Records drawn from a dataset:
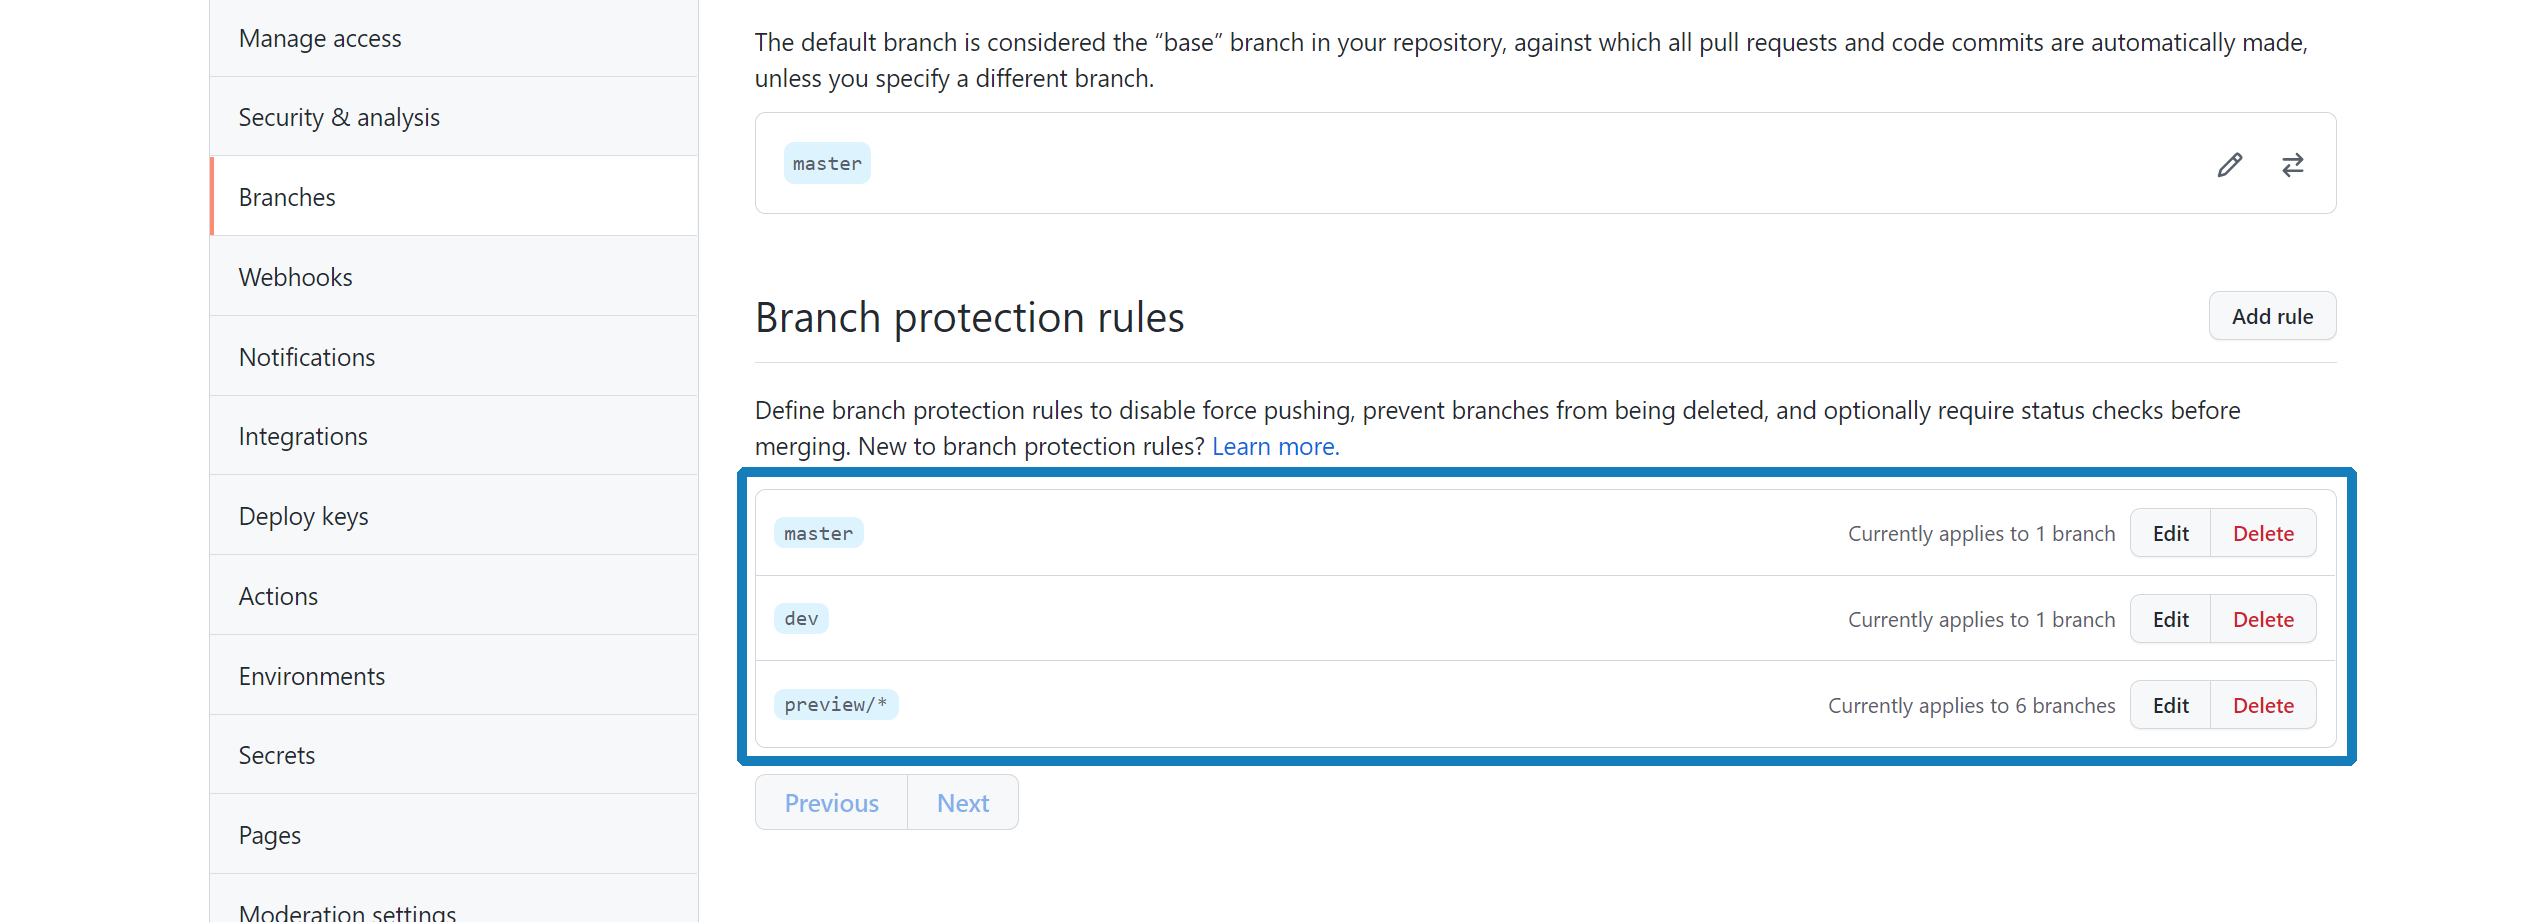 Box highlighting the branch protection rules (One for master, one for dev, and one for preview/*) on the Branch Protection Rules pages
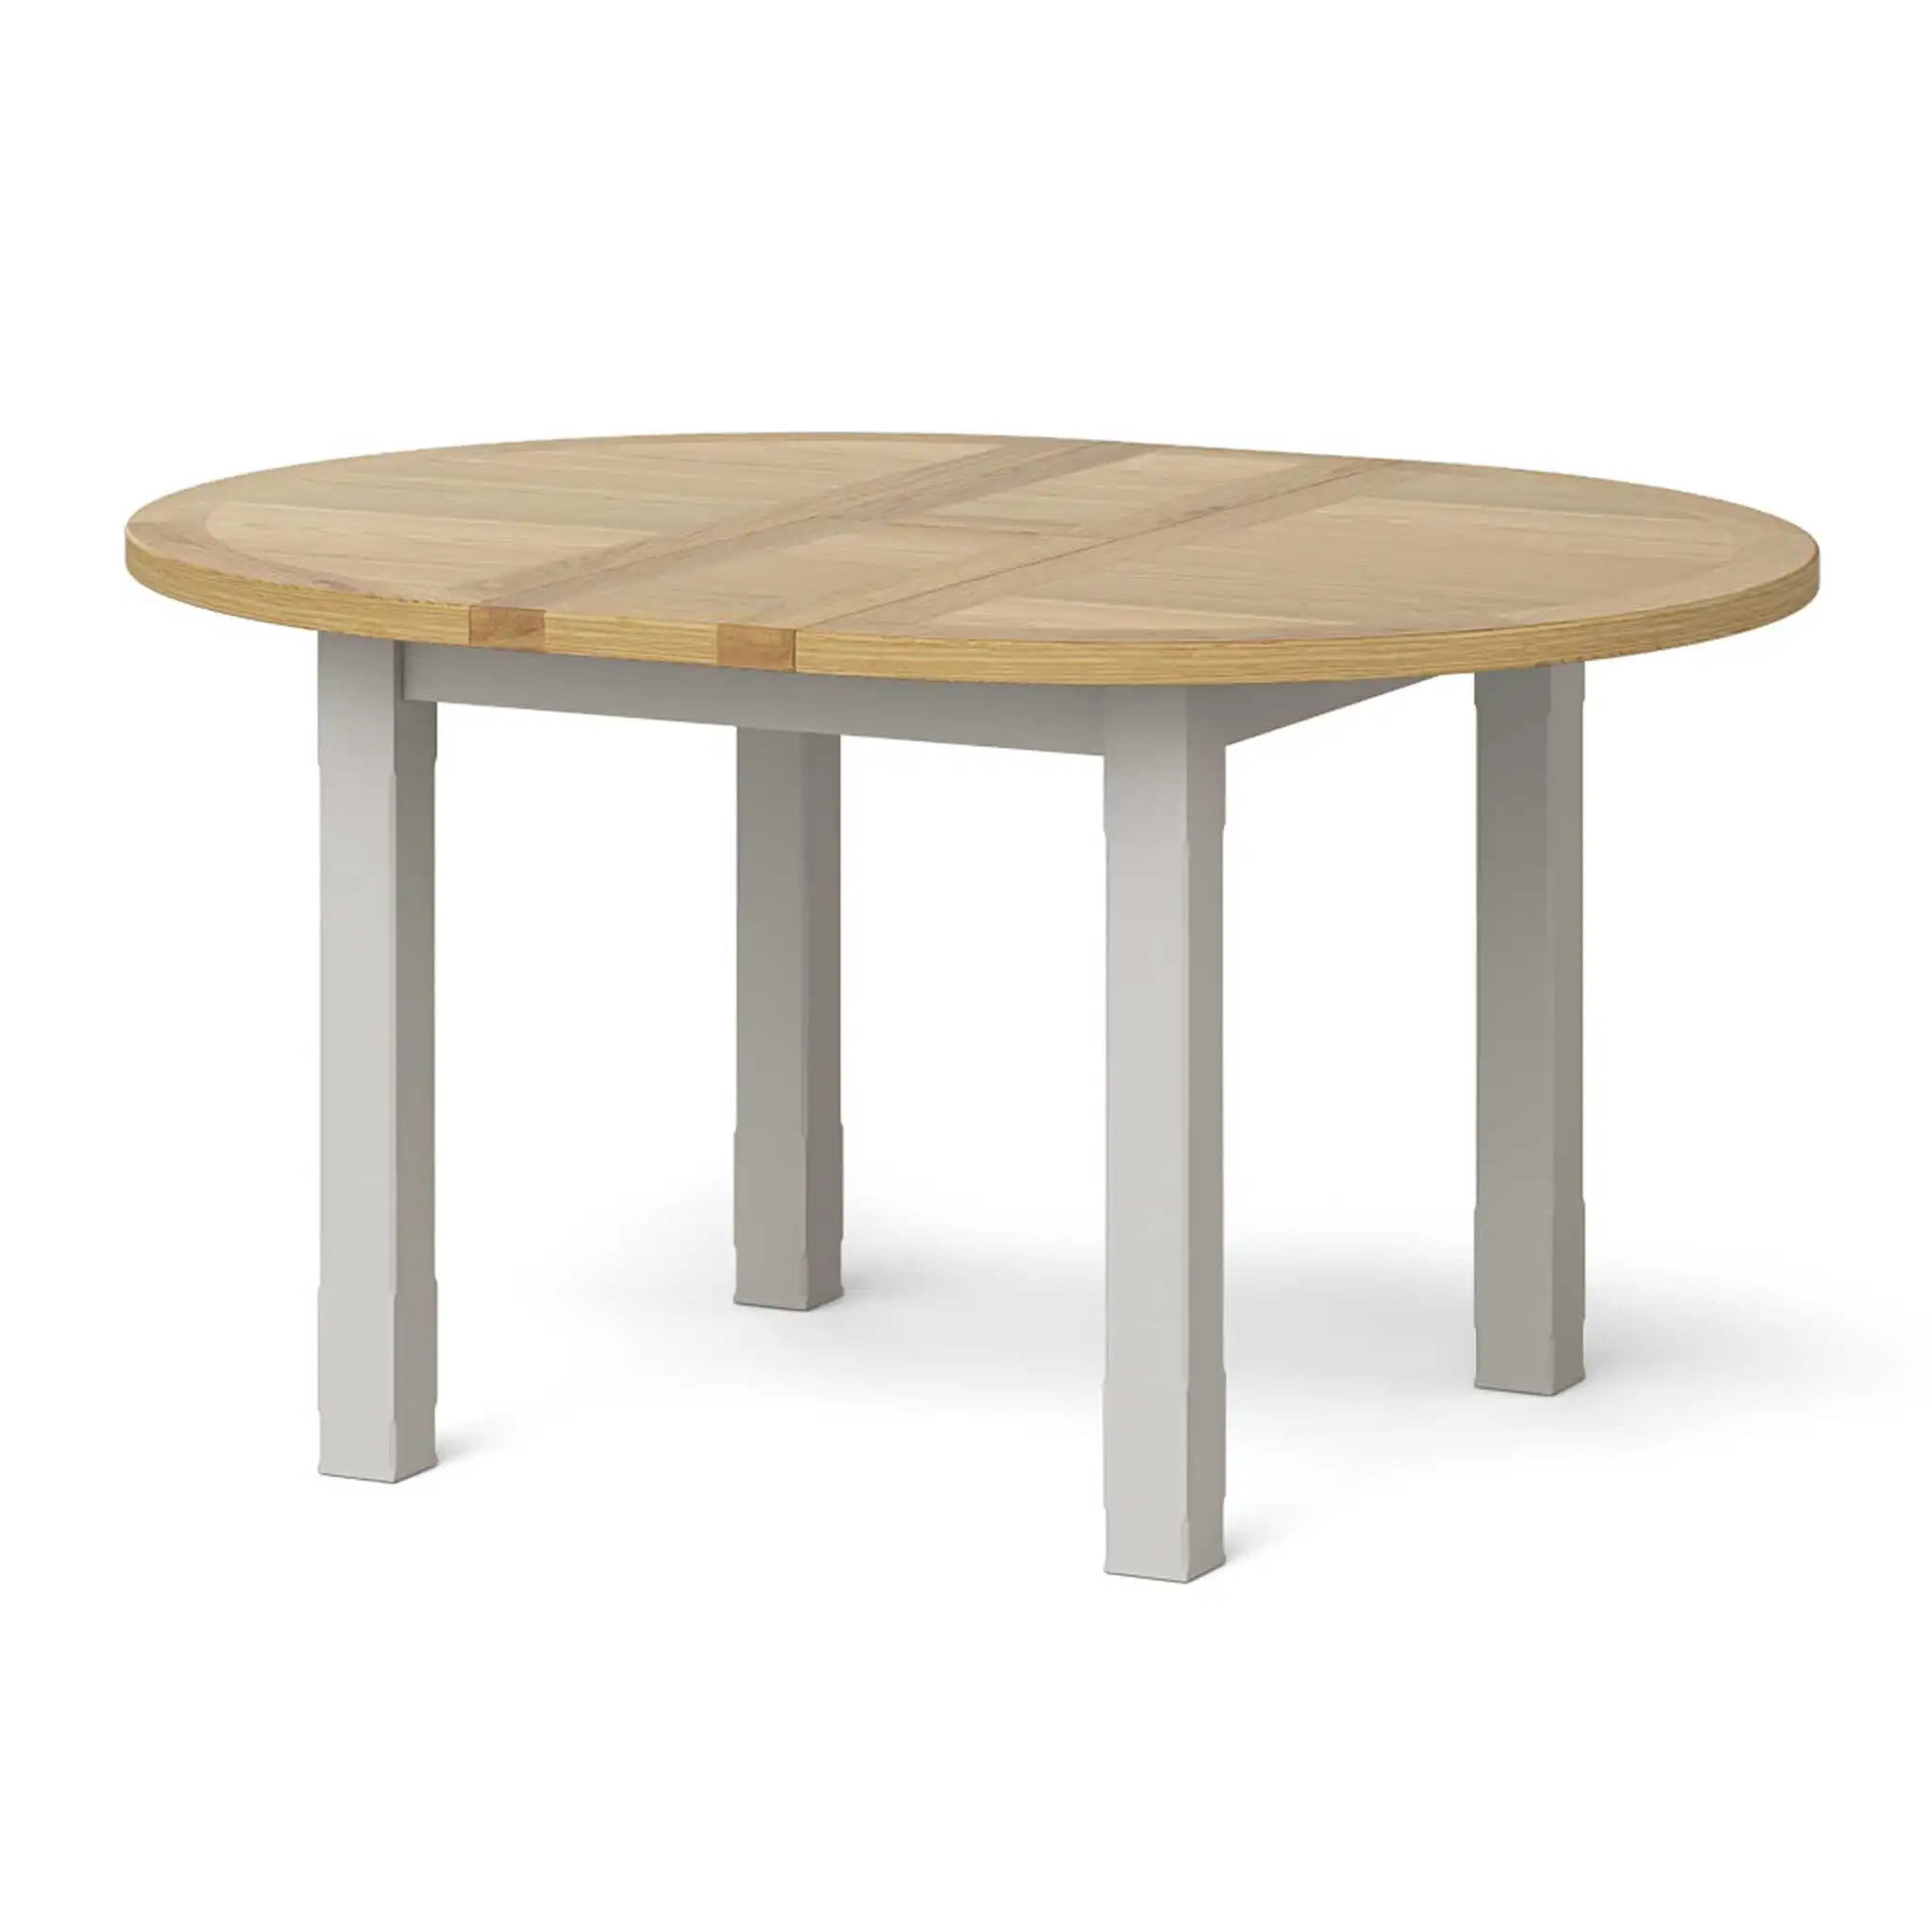 Rustic Wood Look Accent Dining room Furniture Dining Table Factory wholesale price Grey Round Extending Dining Table
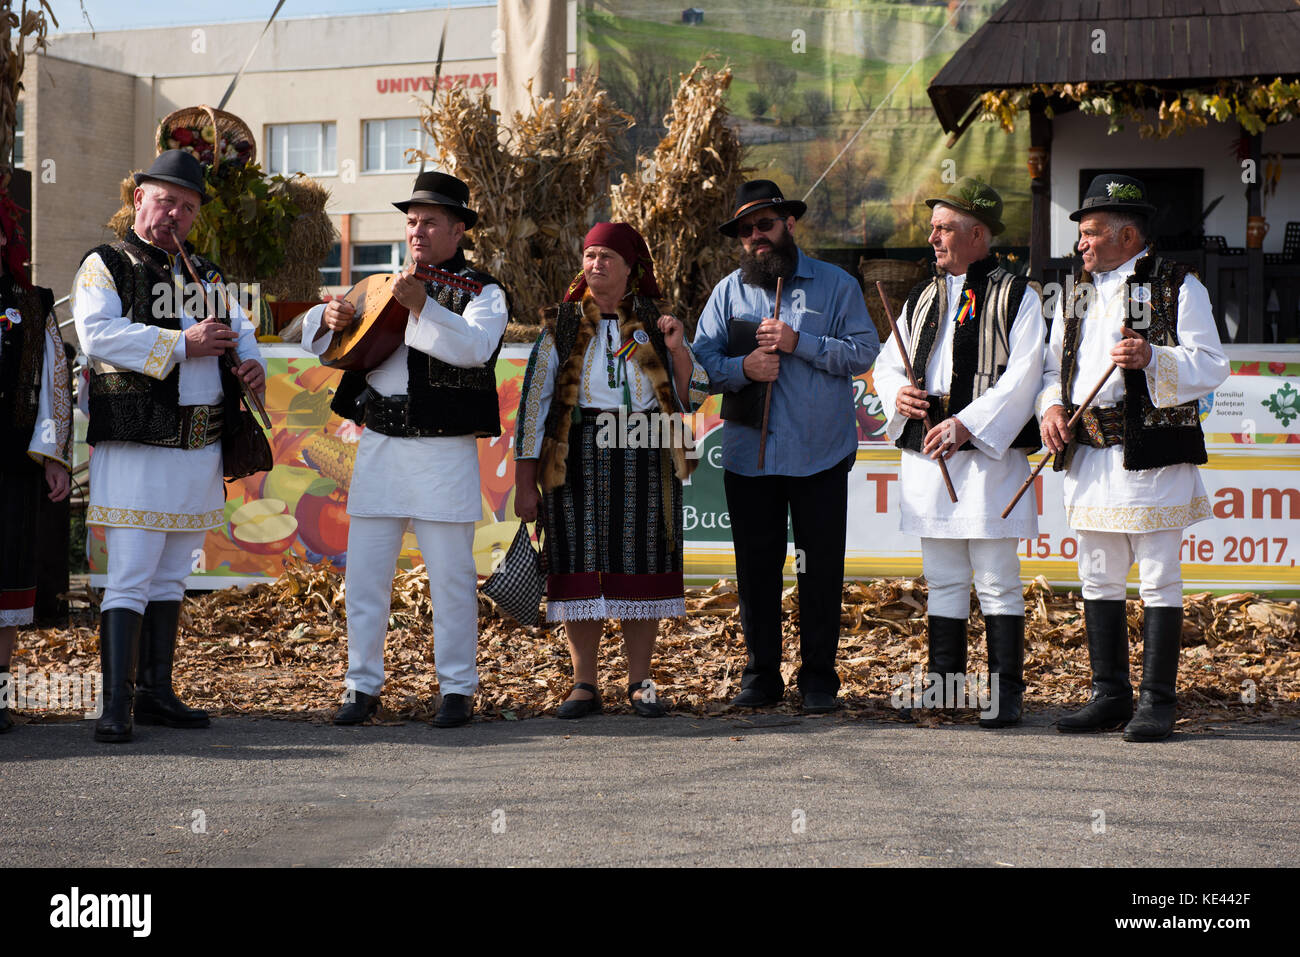 CLUJ NAPOCA, ROMANIA - OCTOBER 15, 2017: A folk band performing Romanian folk music in traditional costumes during the Autumn Fair Stock Photo
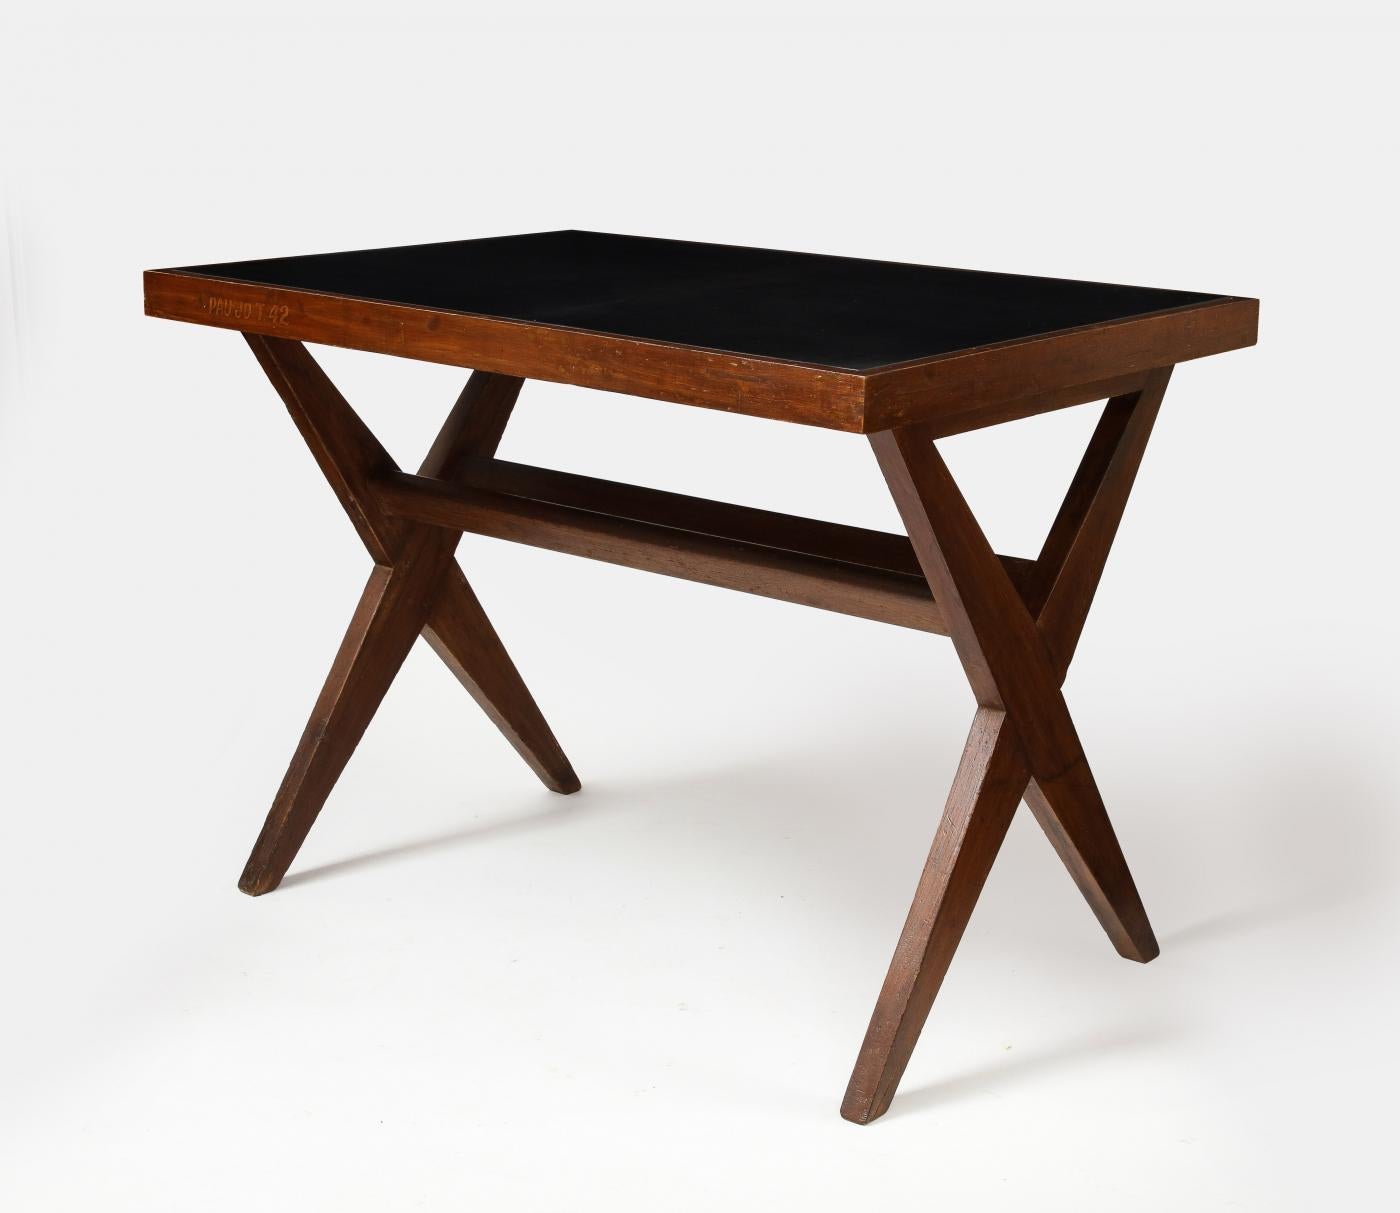 Leather and Teak Desk by Pierre Jeanneret, Chandigarh, India

Beautiful patinated desk by PIerre Jeanneret. The full-grained leather is beautifully dyed and ties seamlessly with the warmth of the teak.

→ PROBLEM REQUIREMENTS:
All pictures must be left out. Reproduce exactly the lines from the one containing "Leather and Teak" to the final line of the entries.

→ SOLUTION TO THE EXERCISE:
 Leather and Teak Desk by Pierre Jeanneret, Chandigarh, India

Beautiful patinated desk by PIerre Jeanneret. The full-grained leather is beautifully dyed and ties seamlessly with the warmth of the teak.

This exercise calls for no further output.